Wednesday, November 11, 2009

Russian Roulette

Here's a nice little probability problem that I first saw in David Darling's Universal Book of Mathematics:

You're in a game of Russian Roulette (with only one other player), but instead of one bullet the gun (a six-shooter revolver) is loaded with three bullets in three consecutive chambers. The barrel is spun only once. Each player points the gun at his head and pulls the trigger. If he is still alive, the gun is passed to the other player. The game ends when one player dies. Would you stand a better chance of surviving if you shot first or second, or does it make a difference?

This puzzle, or a variation of it, is often used as a brain teaser interview question. To avoid spoiling it for anyone, I'll add the solution as a comment to this post (so don't scroll down until you think you've worked it out).

Bill the Lizard said...

Solution:

After the chamber is spun, there are six possible bullet configurations (B = bullet, E = empty):

BBBEEE -> player 1 dies

EBBBEE -> player 2 dies

EEBBBE -> player 1 dies

EEEBBB -> player 2 dies

BEEEBB -> player 1 dies

BBEEEB -> player 1 dies

It's easy to see that the odds are in your favor if you elect to shoot second. Player 2 has a 2/3 chance of surviving the game, and consequently a 1/3 chance of dying.

Colin said...

You need to specify how many players there are.

Also, you need to simplify real world logic. I imagine three consecutive bullets in a barrel would end up closer to the ground than the empty chambers; what with gravity and all.

Bill the Lizard said...

Colin,
I clarified the description to specify that there are only two players.

As for gravity, you can negate the effects of the weight of the bullets by pointing the gun straight up in the air when you spin the chamber. Naturally, in problems like this we want to assume that each configuration is equally likely. Otherwise there's really no way to answer the question definitively.

Vrungel said...

There is a variation of this puzzle with only two bullets in adjacent chambers.

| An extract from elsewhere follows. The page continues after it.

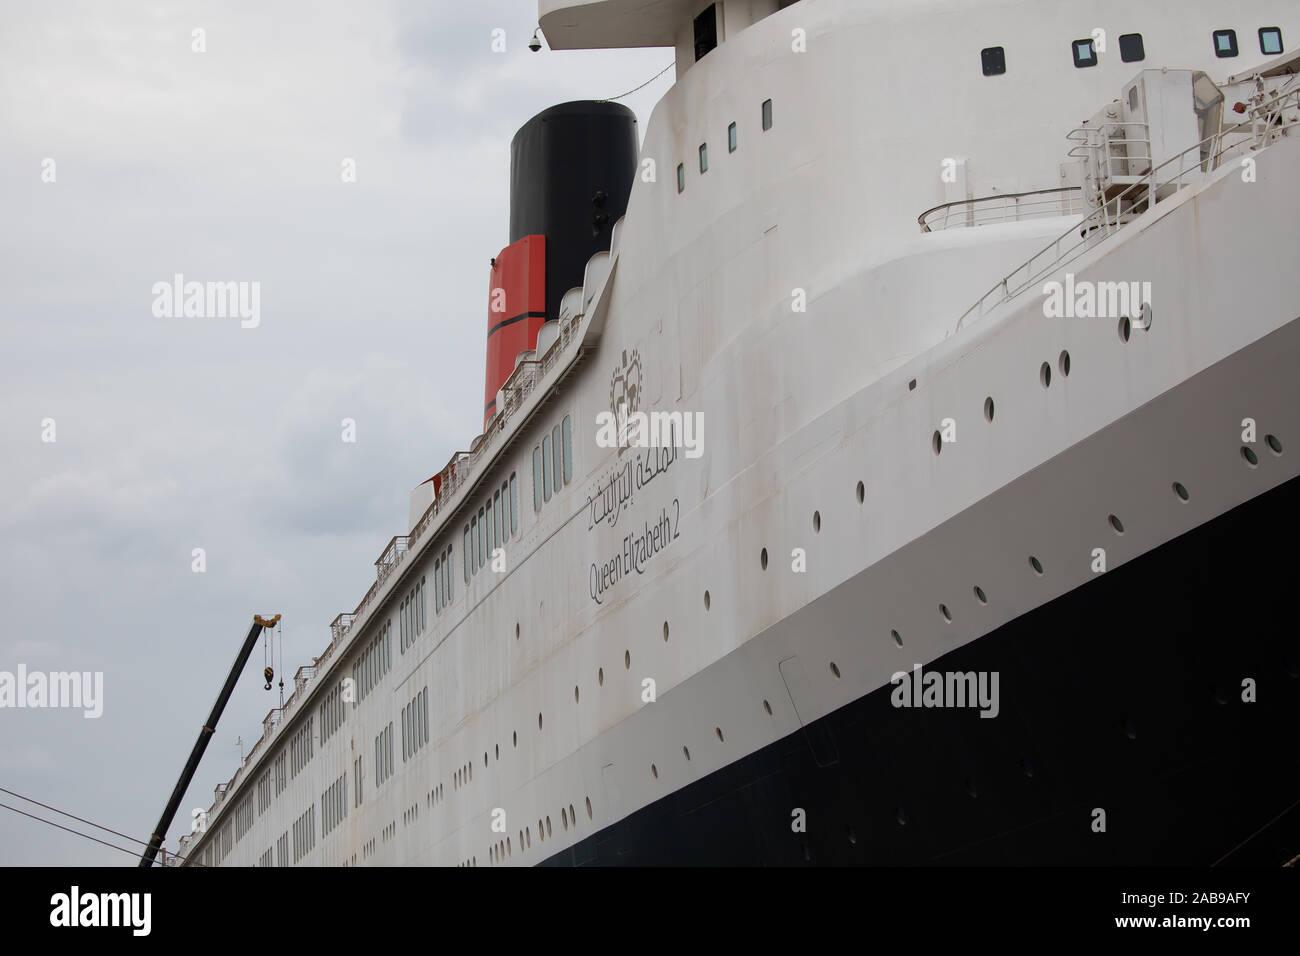 Queen Elizabeth 2 Docked In Dubai Uae Is Now A Floating Hotel Stock Photo Alamy

(there also variation with only one player that gets to choose whether to skip first chamber for example by pointing gun at the air first).

Bill the Lizard said...

Vrungel,
I'd rather have the option to skip the last chamber. :)

Vishal said...

Good one! But it's easy to figure it out once you surpass the initial (false) intuition that both choices would yield the same (50/50) survival rates!

Eric Hsu said...

Nice one. Another way to think of this: the first player has a 3/6 chance to live. The second player only goes if the first player gets an empty slot. Two of the empties are followed by empty, only one is followed by a bullet, so player 2 lives 2/3 times.

The benefit of this approach is that it generalizes to other situations. E.g. A twenty bullet chamber with ten consecutive bullets. In that case, P1 still has 10/20 chance to live, but P2 has a 9/10 chance to live.

Anonymous said...

The logic isnt completely correct....if the first player dies on the first shot....the game is over....

Bill the Lizard said...

Anonymous said "The logic isnt completely correct....if the first player dies on the first shot....the game is over...."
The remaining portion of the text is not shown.